Maar laten we niet vergeten dat Keane ook Tim Rice-Oxley en Richard Hughes is. Laatstgenoemde speelt over het algemeen ingetogen en altijd in dienst van het nummer. Rice-Oxley is de man van de krachtige popmelodieën en weet als geen ander hoe de stem van Chaplin het beste tot zijn recht komt. De drie muzikanten lijken elkaar feilloos aan te voelen.

Allemaal singles

Het knappe van Keane is dat zowel de alternatieve popliefhebber als de Radio 3FM-luisteraar lijkt te zwichten voor hun dromerige pop. Er is op de een of andere manier een brug geslagen tussen verschillende bevolkingsgroepen.

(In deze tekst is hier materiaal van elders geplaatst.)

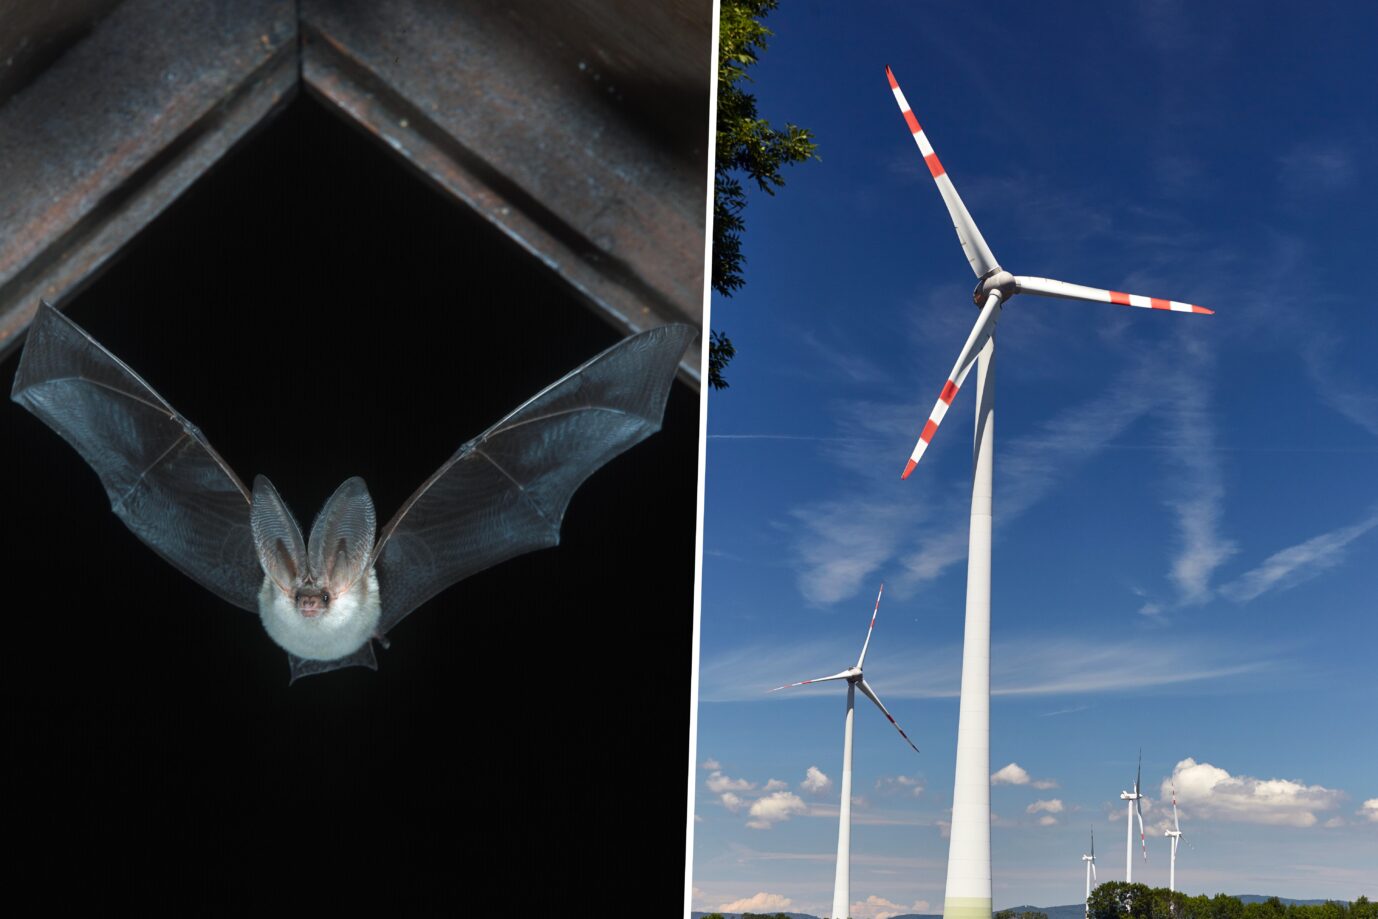 Der Artenschutz spielt in Deutschland eine immer geringere Rolle. Stattdessen werden unzählige Windräder errichtet, die zum Beispiel für Fledermäuse sehr gefährlich sind.

Allemaal op eigen kracht bereikt. Deze jongens hebben geen hype nodig, dit zijn echte muzikanten. Eigenlijk zouden bijna alle nummers op Hopes and Fears voor single kunnen doorgaan. Stilletjes hoop ik dat er straks gekozen wordt voor Bedshaped, vooral door het heerlijke synthesizermelodietje in het refrein. Hopes and Fears zit al meer dan een week steevast in mijn stereo en daar zal hij ook nog wel een tijdje blijven.